I'm one of those people who is rather less confident about the existence of universal regularities in our world (and this has at least as much to do with the research component of my misspent scientific youth as it does with Hume and Popper and the whole problem of induction).

Nonetheless, if I had to bet money on certain patterns being stable features of my world, here's where I'd lay my chips:

  • Not coming to lecture more than three times in the part of the semester preceding the midterm will be highly correlated with not doing well on the midterm. (My lectures seem to add value; who knew?!)
  • Not actually address the question that has been asked will be highly correlated with earning very few of the available points.
  • Using many, many words in the space available to answer the question (especially if they don't engage with the question) is less likely to earn points than using fewer words that present a clear answer.

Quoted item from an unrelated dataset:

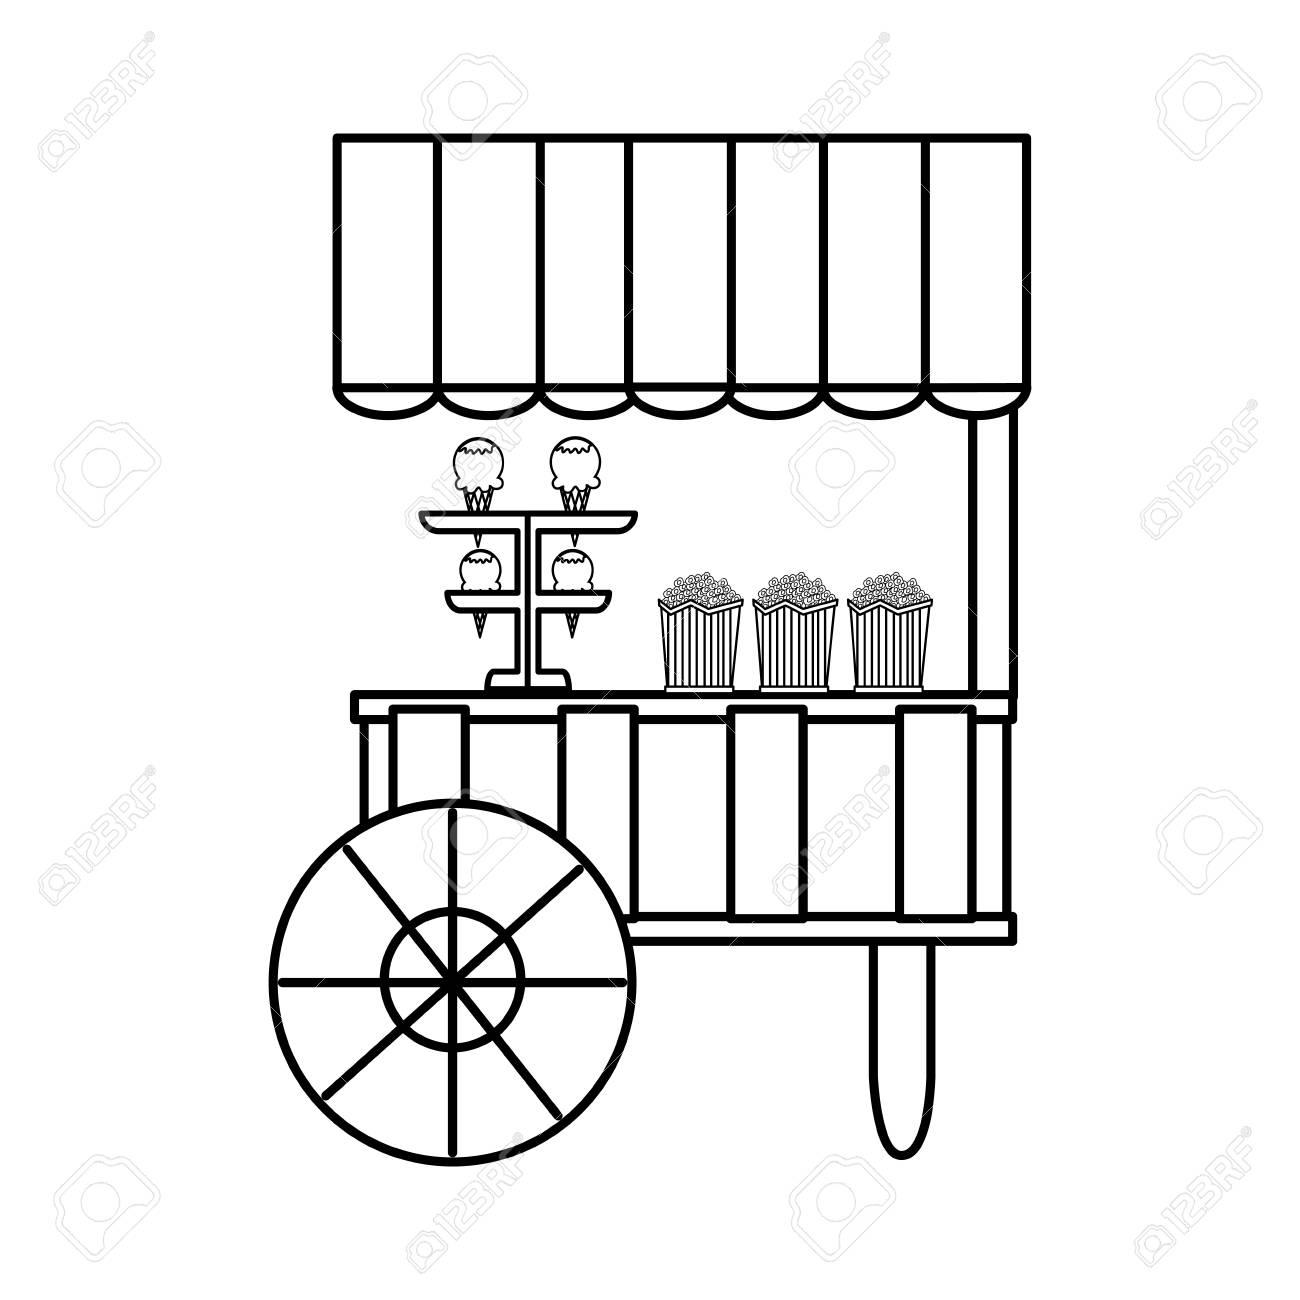 Shop Cart Popcorn And Ice Cream Carnival Vector Illustration

  • The ability to use a sanctioned cheat-sheet on the midterm means I'll see a sizable proportion of papers (maybe 33%) where students have simply recopied on to their test papers every single thing they put on their cheat-sheet about philosopher X, regardless of what a question is asking them about philosopher X. This strategy seems to make it hard for the students using it to notice when they have "lost the plot" in their answers.
  • In at least 10% of the papers, I will encounter the phrase "solve science" and will need to pause for a facepalm or a headdesk.
  • That rascal DrugMonkey will put up a post to which I want to respond before the end to my grading is anywhere in sight. (Seriously, am I the only blogger with grading who has an angel on one shoulder and DrugMonkey on the other?)